2.8. Tracer Migration during Imbibition

In addition to tracer-free imbibition and vapor absorption tests with DI water, imbibition experiments of tracer-containing API brine and n-decane were conducted. The API brine fluid contains tracer chemicals of potassium perrhenate, cesium iodide, samarium iodide, europium bromide, antimony and ruthenium complexes, and CdS quantum dot particles. Similarly, n-decane fluid includes two organic-phase molecular tracers with different sizes: 1-iododecane {CH3(CH2)9I, molecular weight of 268.18 g/mol; referred as organic-I in this work} and trichlorooxobis (triphenylphosphine) rhenium(V) {[(C6H5)3P]2ReOCl3, molecular weight 833.14 g/mol; referred as organic-Re}. The development and utility of a range of tracers in both polar and nonpolar fluids to study dual wettability and dual connectivity of hydrophilic and hydrophobic pore networks in shale are documented in detail in Hu et al. [54].
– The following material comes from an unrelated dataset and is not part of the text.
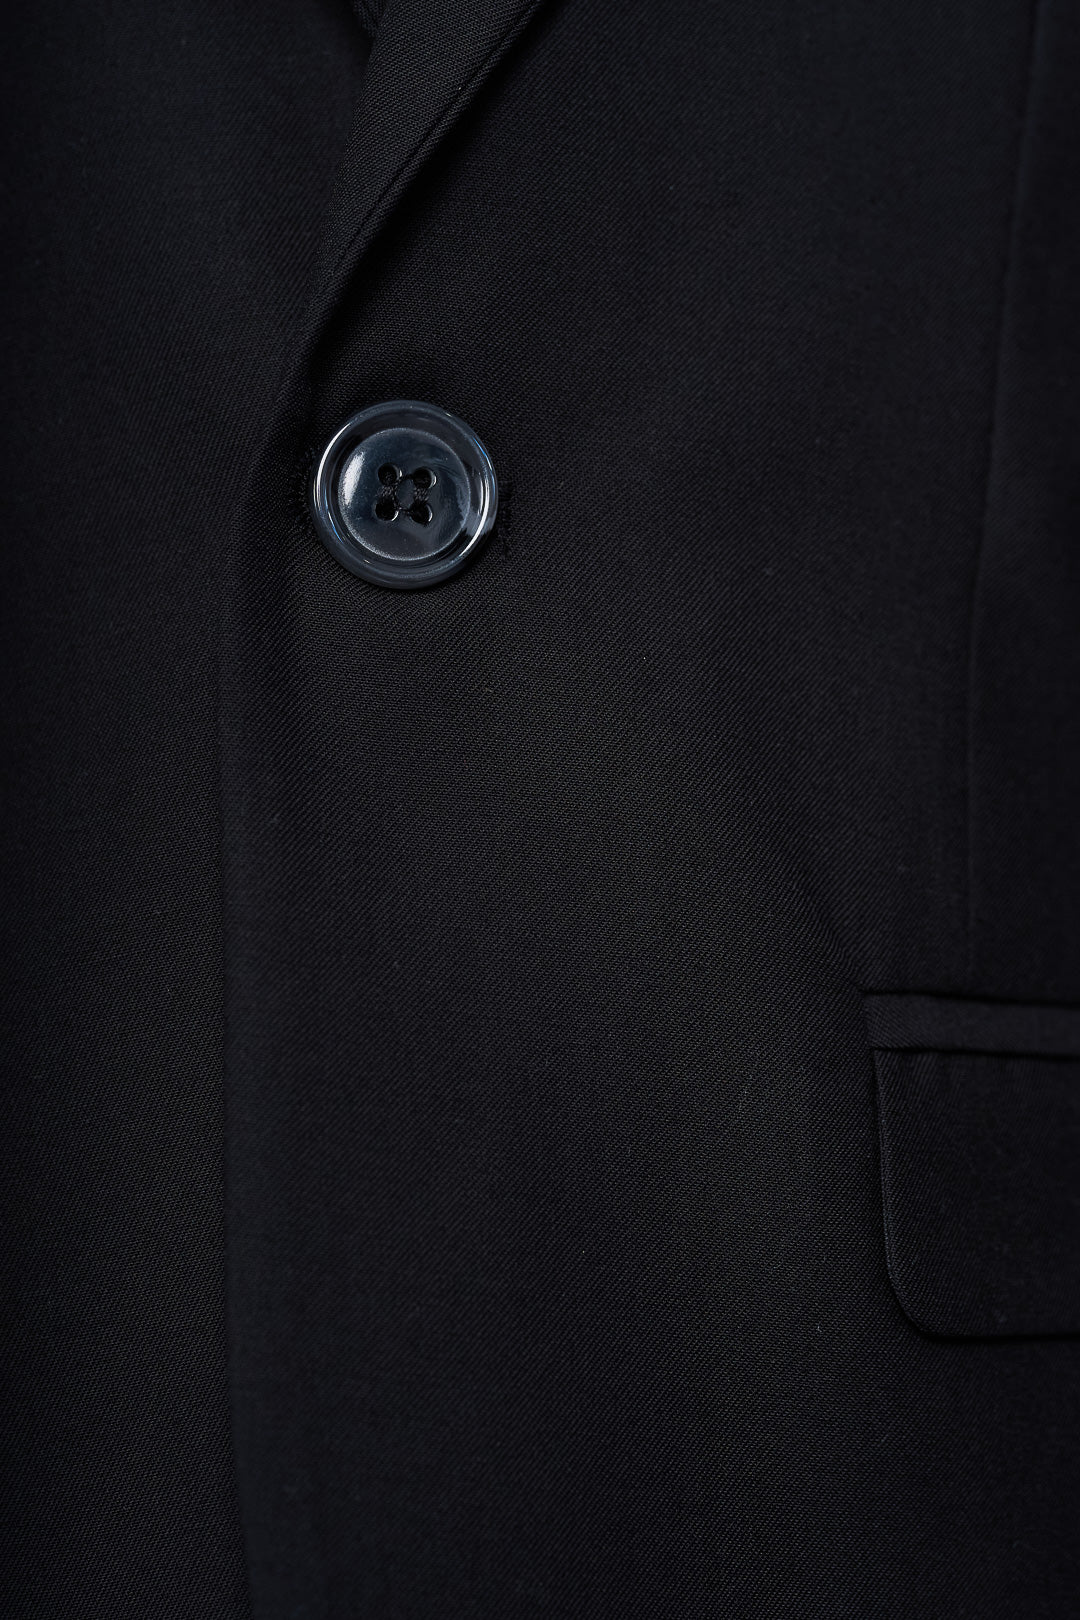 Plain Black Suit

After tracer imbibition test of 24 hrs, the shale sample was lifted out of the fluid reservoir, flash-frozen with liquid nitrogen, kept at −80°C in a freezer, freeze-dried as a batch at −50°C and near-vacuum (less than 1 Pa) for 48 hours, then stored at <10% relative humidity prior to tracer mapping analyses by laser ablation inductively coupled plasma mass spectrometry (LA-ICP-MS) [11, 13, 55]. The instruments used are laser ablation system (UP-213; New Wave, Freemont, CA) and ICP-MS (ELAN DRC II; PerkinElmer/SCIEX, Sheldon, CT).

3. Results and Discussion

3.1. Pore Structure Characteristics

The data processing of MICP tests is shown for sample B-13010 as an example. Springer shale samples have multiple pore-throat size distributions in μm–nm ranges, but mostly centering on 10 nm in pore-throat sizes [13]. Therefore, an intensive sampling at the high-pressure region is employed (Figure 3C). For low-pressure region with a small change of intrusion volumes, the results are resized to identify the inflection points Lt for each connected pore network (Figure 3A), from which Lmax is calculated (Figure 3B) to obtain the values of permeability and tortuosity via 1 and 2 [13].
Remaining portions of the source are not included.